Making Our Money Talk for Statehood

Often times when DC Statehood activists discuss one of the main reasons for DC Statehood the common line is to end “Taxation Without Representation.” Undoubtedly, the fact that District citizens contribute more tax revenue to federal coffers than 18 states and totaling $20 billion a year without any national representation should be a good enough argument for Statehood, but it isn’t. While taxes are something we must pay political donations are something we choose to do to promote a candidate or to promote a cause. District citizens (yes, many of us are lobbyists or have ties to various special interests) give millions of dollars each year to political candidates from around the nation yet are no closer to having representatives in Congress of our own. People donate to politicians to promote specific interests but for some reason District citizens have yet to mobilize behind our own special interest, Statehood, and it’s about time we did.

District citizens, from a basic democratic self-interested point of view, have made poor investments our political contributions and should begin to become more thoughtful, strategic, and self-interested in how we contribute to national candidates. In this election cycle District citizens have contributed to the House members who represent the suburbs of the District (the Md. & Va. Reps): Steny Hoyer, Chris Van Hollen, Donna Edwards, Jim Moran, and Gerry Connolly. Presently, none of these members of the House of Representatives are cosponsors to HR 265, the New Columbia Admission Act. Congressmen Hoyer, Connolly, Moran, and Van Hollen have all recently spoken out against a commuter tax, a key potential revenue tool New Columbia would have to pay for state functions given a large commuter influx to the state on a daily basis. Despite all of their words in support of voting rights, they all have failed to support DC Statehood which is the ultimate goal and end game for full and equal democracy in the District (New Columbia).
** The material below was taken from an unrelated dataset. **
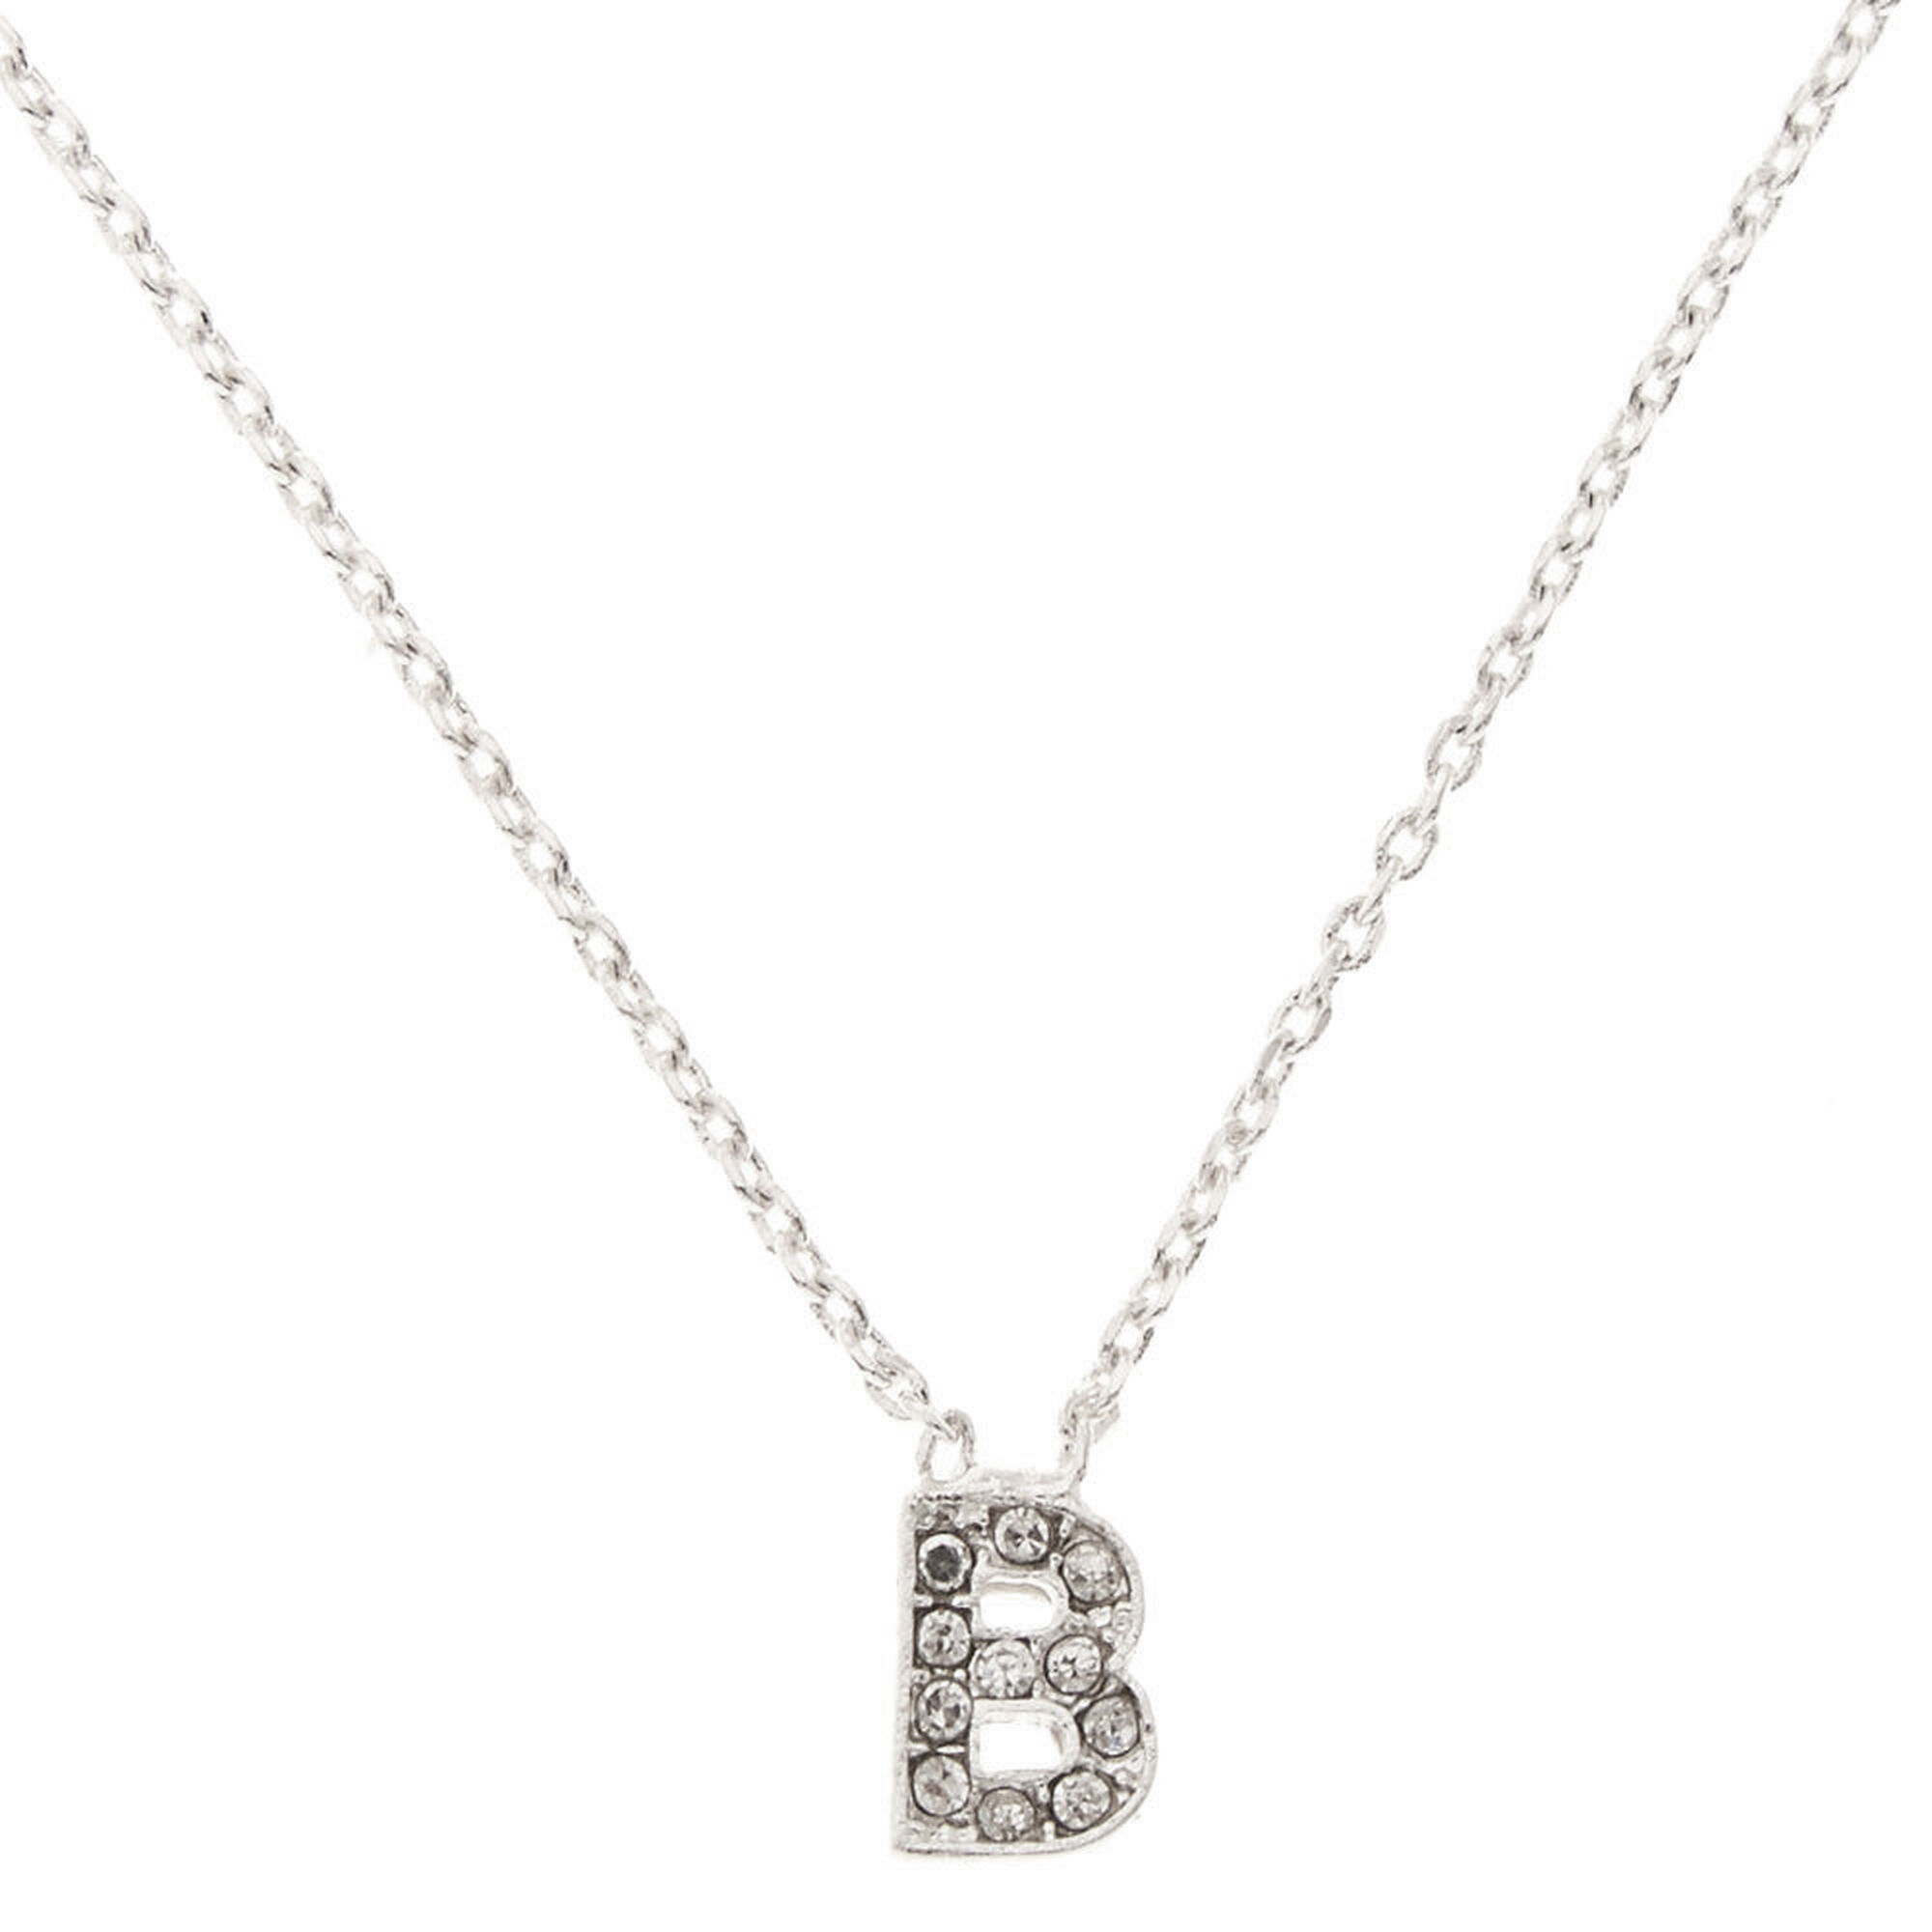 Silver tone b initial pendant necklace claires us silver tone quotbquot mozeypictures Choice Image

Despite failing to support our ultimate democratic goals, District citizens, as of the June 30, 2012 reports filed with the Federal Election Commission (FEC), donated $366,189 to these 5 members of the House. This means District citizens on average have donated a total of $73,238 per DC suburban House Member. Steny Hoyer, the Democratic Whip in the House, long-time Congressman, and a “NO” vote on the Statehood Bill back in 1993 has received $134,595 from District citizens in individual contributions alone (not PAC money) just this election cycle. We need to really reconsider who we donate to and why we donate to them. The rest of the country understands how to donate in their self-interest and our self-interest should be Statehood yet we’re giving away lots of money to so-called friends who do not support full and complete democracy for the citizens of the District.

In stark contrast, District citizens have donated a total of $475,516 to the 25 House members running for re-election out of the 28 cosponsors to HR 265. That means on average District citizens are averaging $19,021 per DC Statehood Bill cosponsor (about 26% of what we give per DC suburban House member). These numbers get even more outrageous if you remove Congressman Conyers and Rangel from the list as they are long-time House members and former Committee Chairman which make them more likely to get big donations (albeit these men deserve our contributions based on their long-time support for DC Statehood). By removing Conyers and Rangel from the DC political contribution equation DC residents give less to the 23 remaining cosponsors of the bill than they do to the 5 members of the DC suburbs who do not even support Statehood and the average contribution drops to $14,937 per candidate (Click Here: dc2012contributions to see the breakdown of candidtates and individual contributions from the FEC reports filed by candidates).

The numbers do not lie, District citizens need to become more thoughtful, proactive, and strategic with how they donate and who they donate to. Sadly, money talks and District citizens have done a poor job of making our money talk for our most special interest: to become full and equal citizens as the 51st state of the Union, New Columbia. While Mark Plotkin is right, there should be a fight about Statehood on the Democratic National Convention floor, District citizens need to start talking with our mouths, our bodies, and our wallets to demonstrate that Statehood is an important issue to 618,000 of us and it should be to our 300 million neighbors and their elected representatives.

It’s time to speak, act, and donate, in a more thoughtful and democratically self-interested manner.